When Did You Decide To Be?

Posted July 15th, 2010

Provided by CN Building Adult Ministries Resource Center

In his book, Run with the Horses, Eugene Peterson recounts the story in which William Stafford was once asked in an interview, “When did you decide to be a poet?” He responded that the question was wrongly put. “Everyone is born a poet—a person discovering the way words sound and work, caring and delighting in words. I just kept on doing what everyone starts out doing. The real question is why did the other people stop.”

To put it another way, Stafford was doing what everybody starts out doing, being human. And he didn’t stop.

This week, I met 18-month-old Joshua, running up and down the hallway outside our home, entertaining his gramma, conquering new territory, and delighting in the repetitive sound and shape of ‘first words’ as they echoed in the passageway.
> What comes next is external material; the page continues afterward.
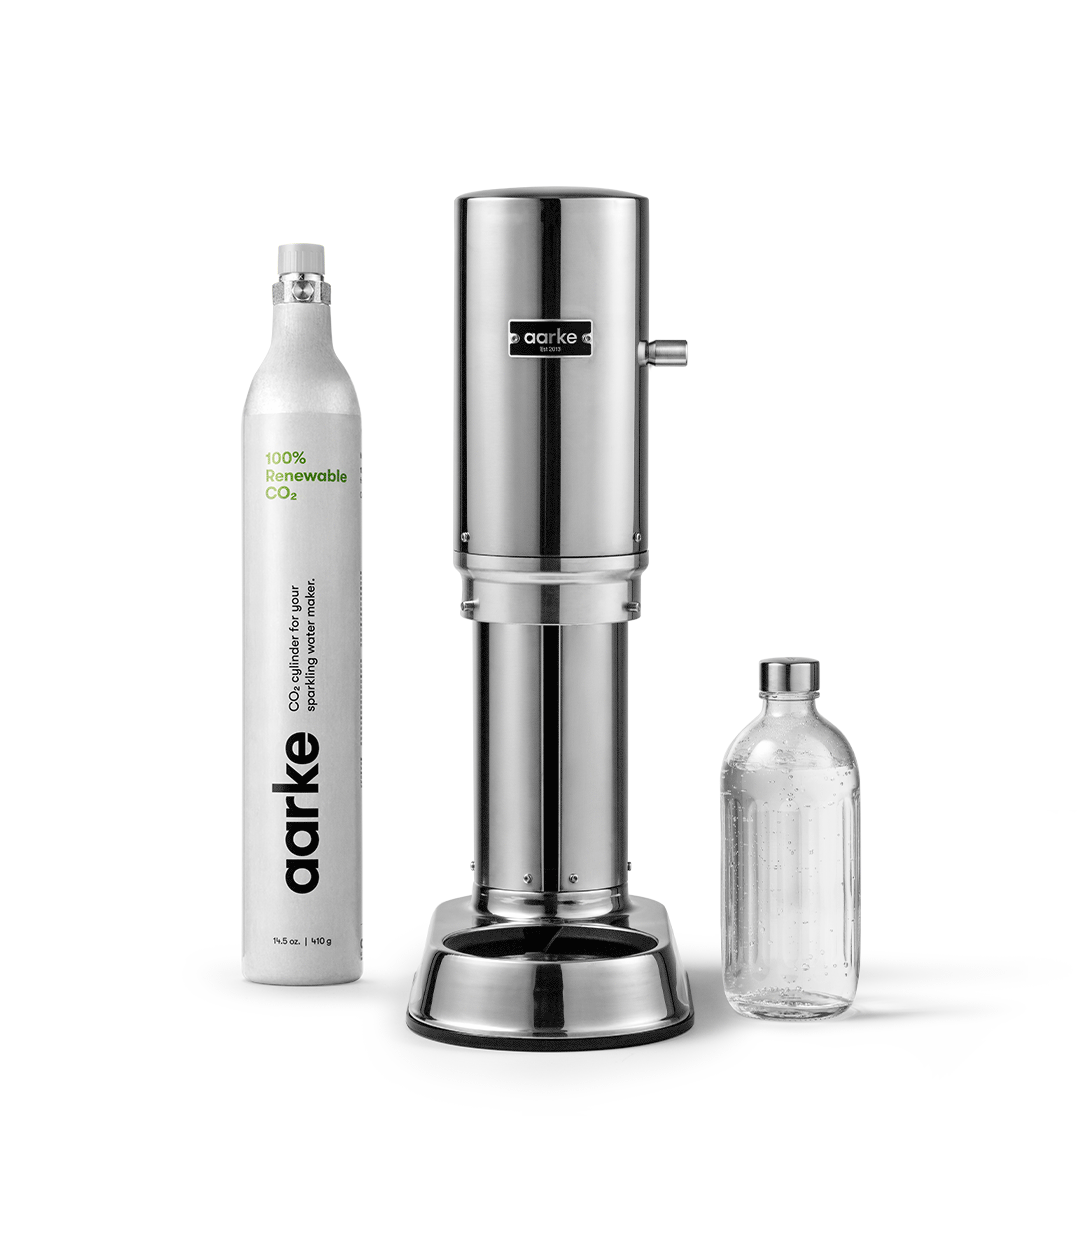 Aarke Carbonator Pro in Stainless Steel with 1 Aarke CO2 Cylinder and 1 Glass Bottle.

He was ‘being’ human.

With Stafford’s quote still on my mind, little Joshua made me think. It occurs to me that ‘being’ may well be one of our greatest challenges as we age. There was a time when we were excited about ‘being,’ like Joshua. Is it still true for us today, like Stafford?

When did you decide to be? Most often when we hear this question it doesn’t stop there. It goes something like, “When did you decide to be a pastor? An architect? A farmer? A teacher? When I was young, I wanted to be a cowboy, a policeman and a pilot. Worthy ‘want-to-be’s,’ but when I grew up, these wants faded as the process of ‘being’ continued.

Maturing has to do with being and becoming. The Apostle Paul spoke of arriving at “mature manhood, to the measure of the stature of the fullness of Christ” (Eph. 4:13). I still have miles on this score. Some days I think I am breaking up rather than growing up. That’s when the Apostle Paul and William Stafford and Eugene Peterson and little Joshua all remind me that today is my (and your) opportunity to be a child of God becoming a mature Christ-like human.

The question is not am I becoming? The question is who am I becoming? In summary, let’s just agree that life’s second half is not a good time to deteriorate, to only think in terms of what we have been. This is an absolutely key moment in time in which God wants us to be and to become. Perhaps William Shakespeare (Hamlet) may have been thinking about us when he wrote the immortal line, “To be or not to be, that is the question.”

When did you decide to be? If it has been a while and life’s sharp edge maybe now is a good time. As you do, stir the glowing embers of two or three of your peers and leave a light on for the next generation.